For multi-environment promotion in CI/CD, set DATABRICKS_CONFIG_PROFILE (or DATABRICKS_HOST + DATABRICKS_CLIENT_ID + DATABRICKS_CLIENT_SECRET for OAuth M2M) as pipeline secret variables scoped per environment.


5. Resources walkthrough

resources/schema.yml — UC schema + volume

resources:
  schemas:
    demo:
      catalog_name: ${var.catalog}
      name: ${var.schema_name}
  volumes:
    demo_raw:
      catalog_name: ${var.catalog}
      schema_name: ${resources.schemas.demo.name}   # cross-resource reference
      name: raw
      volume_type: MANAGED

${resources.schemas.demo.name} resolves to the actual deployed schema name, including any mode: development prefix. This is how you chain resources without hardcoding names.


resources/job.yml — 4-task daily ETL

environments:
  - environment_key: serverless_env
    spec:
      client: "1"        # serverless notebook compute

tasks:
  - task_key: ddl
    sql_task:
      warehouse_id: ${var.warehouse_id}
      file: { path: ../src/sql/01_ddl.sql }
      parameters:
        catalog: ${var.catalog}
        schema:  ${resources.schemas.demo.name}   # ← resolved name, not the variable

  - task_key: ingest
    depends_on: [{ task_key: ddl }]
    environment_key: serverless_env
    notebook_task:
      notebook_path: ../src/notebooks/ingest.py
      base_parameters:
        catalog: ${var.catalog}
        schema:  ${resources.schemas.demo.name}
        volume:  ${resources.volumes.demo_raw.name}

  - task_key: silver
    depends_on: [{ task_key: ingest }]
    sql_task: { … file: 02_silver.sql … }

  - task_key: gold
    depends_on: [{ task_key: silver }]
    sql_task: { … file: 03_gold.sql … }

schedule:
  quartz_cron_expression: "0 0 6 * * ?"
  pause_status: PAUSED   # mode:development auto-pauses; prod unpauses

Why ${resources.schemas.demo.name} and not ${var.schema_name}? In mode: development the bundle prefixes the schema name with [target]-[user]-. If you pass the bare variable value as a SQL parameter the task writes to a different (unmanaged) schema. Always use the resource reference when passing the schema to tasks.

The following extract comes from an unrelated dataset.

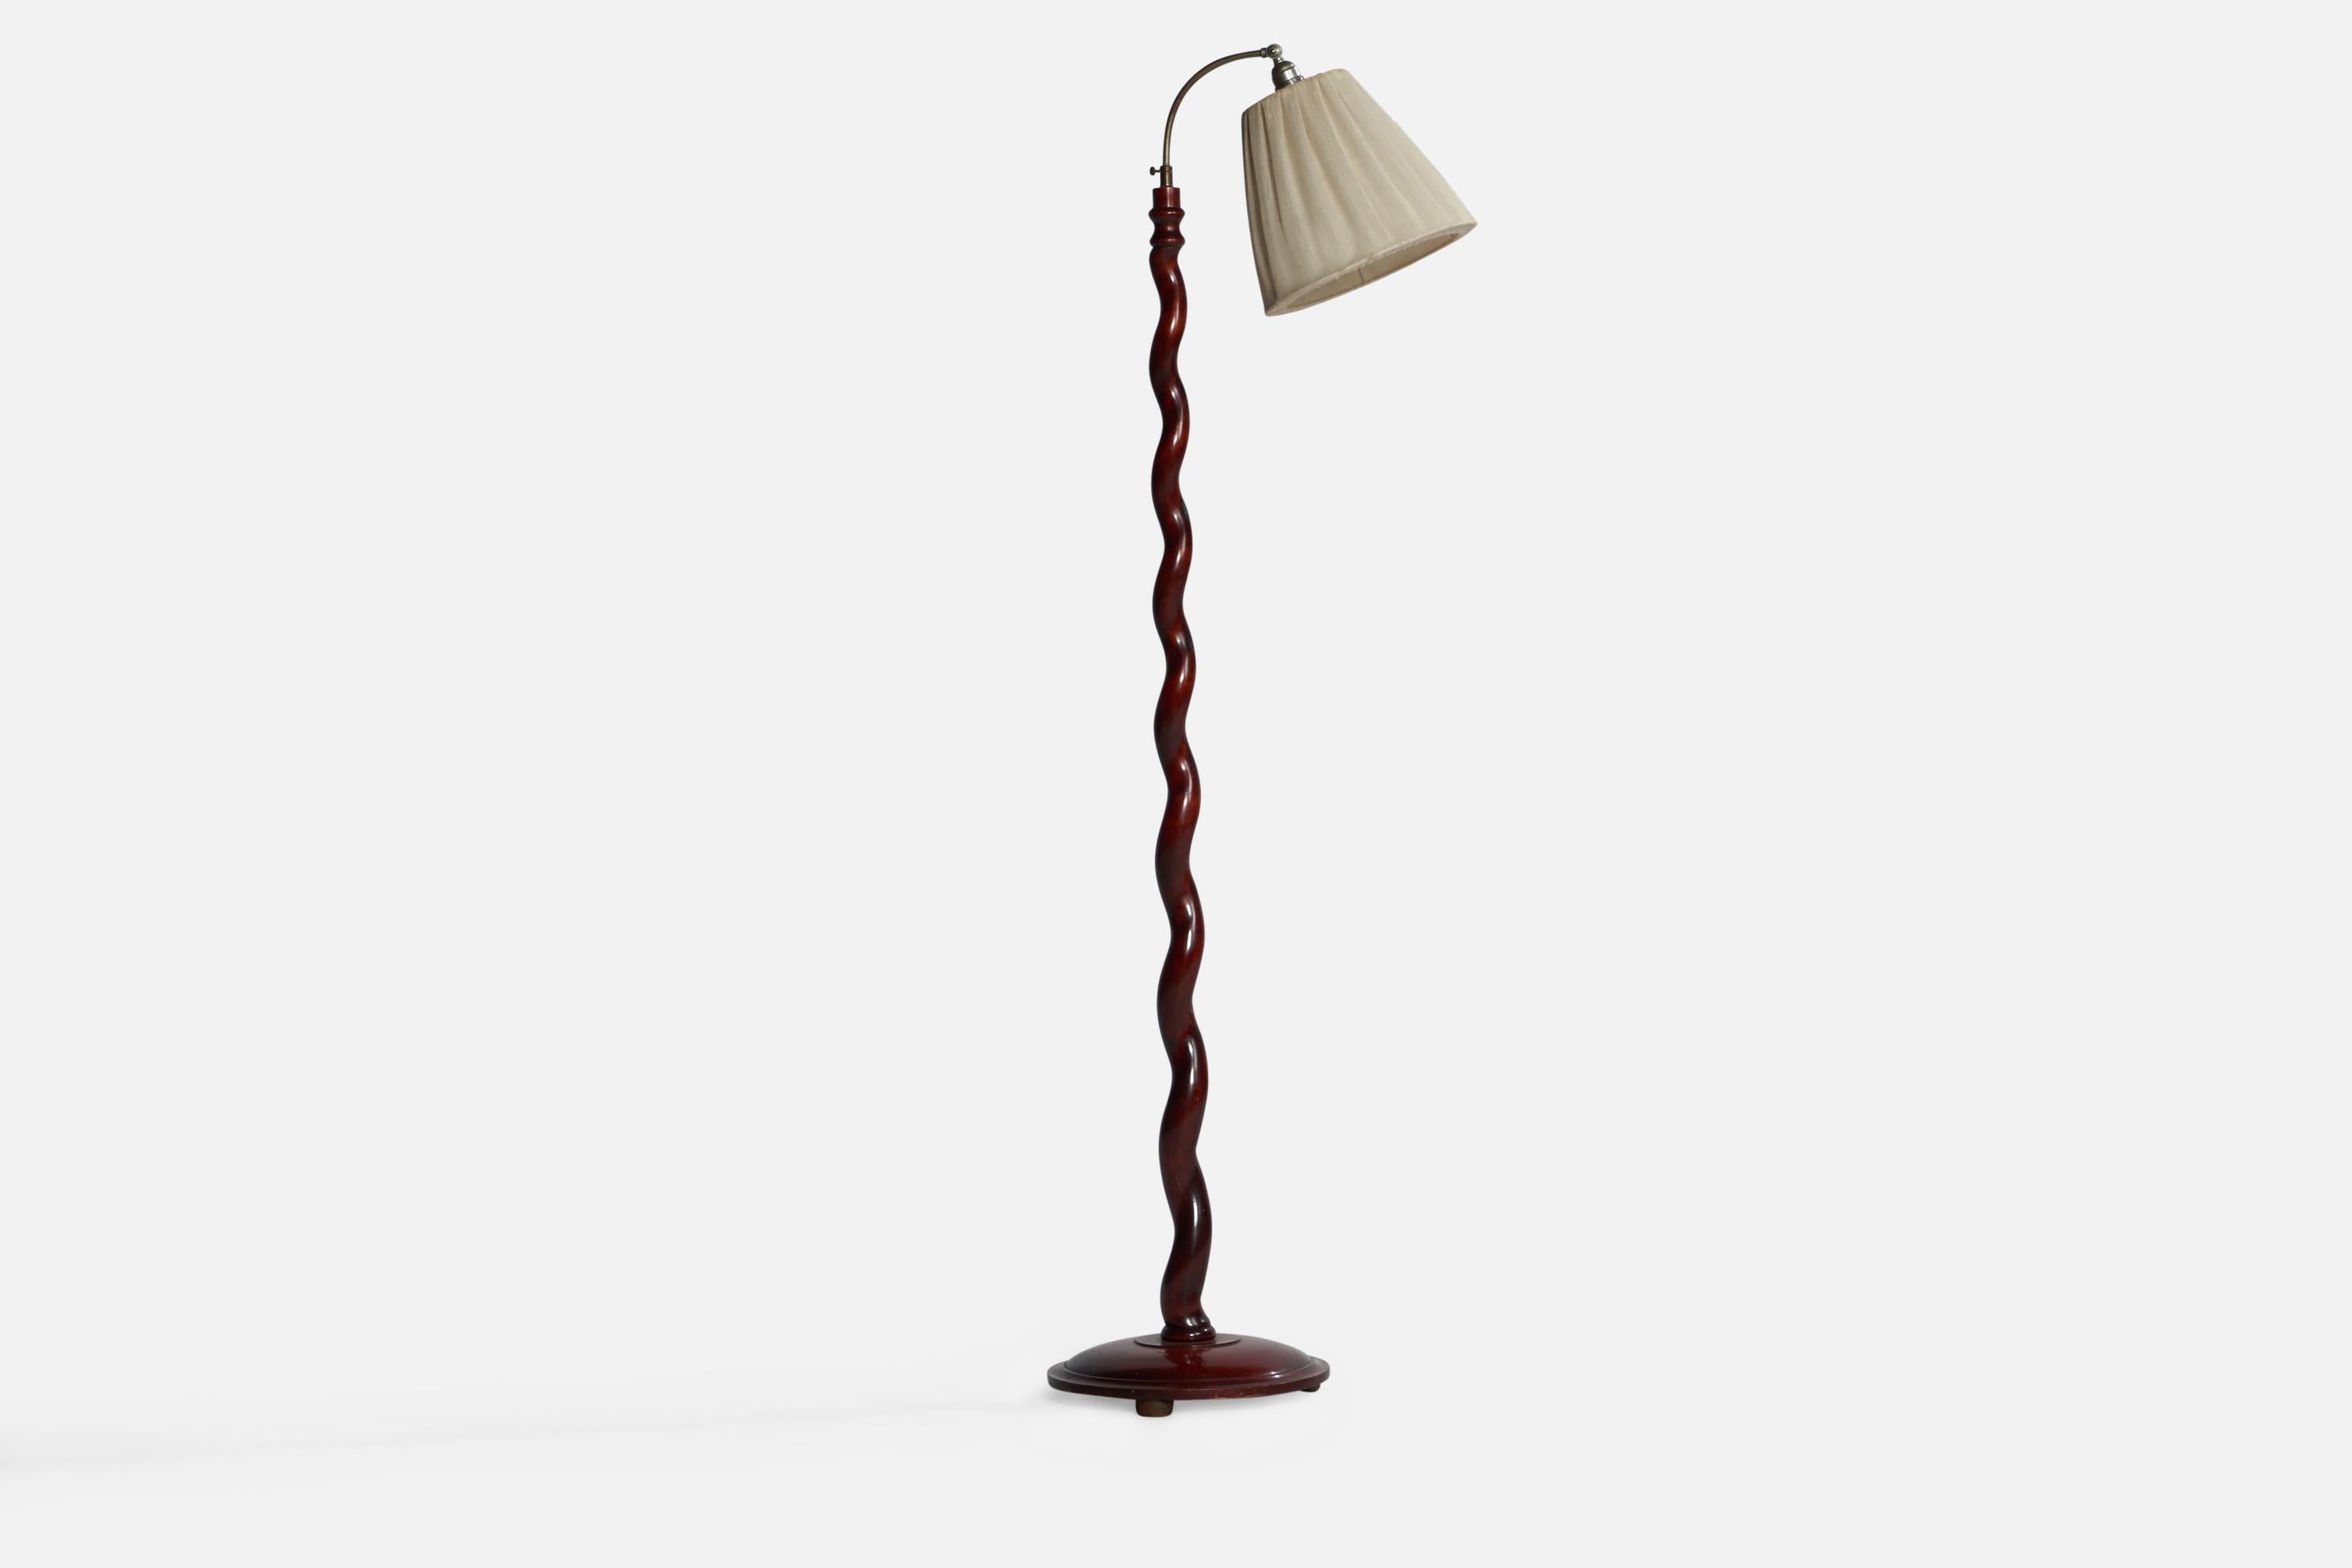 Eine Stehlampe aus Mahagoni, Stahl und cremefarbenem Stoff, entworfen und hergestellt in Schweden, 1930er Jahre.

Gesamtabmessungen (Zoll): 63,5

resources/dashboard.yml — Lakeview dashboard

resources:
  dashboards:
    demo_dashboard:
      display_name: "[${bundle.target}] DABs Demo Dashboard"
      warehouse_id: ${var.warehouse_id}
      parent_path: /Workspace/Users/${workspace.current_user.userName}
      file_path: ../src/dashboard/demo.lvdash.json

The .lvdash.json is a dashboard export. By default, dataset queries inside it contain fully-qualified table names (catalog.schema.table) hardcoded to the environment they were exported from. There are three ways to handle multi-environment promotion:

Option 1 — dataset_catalog + dataset_schema (recommended): Add these two fields to dashboard.yml and write your .lvdash.json SQL with unqualified table names only (just table_name or schema.table_name, no catalog prefix). DABs injects the catalog and schema at deploy time:

resources:
  dashboards:
    demo_dashboard:
      display_name: "[${bundle.target}] DABs Demo Dashboard"
      warehouse_id: ${var.warehouse_id}
      parent_path: /Workspace/Users/${workspace.current_user.userName}
      file_path: ../src/dashboard/demo.lvdash.json
      dataset_catalog: ${var.catalog}               # ← injected per target
      dataset_schema:  ${resources.schemas.demo.name}  # ← injected per target

Inside the .lvdash.json SQL, reference only the table name:

SELECT order_date, region, orders, revenue
FROM gold_daily_revenue   -- no catalog.schema prefix
ORDER BY order_date

DABs applies dataset_catalog/dataset_schema as the default for any dataset query that doesn't specify them explicitly. See Bundle examples — Dashboard parameterization and Dashboard resource reference.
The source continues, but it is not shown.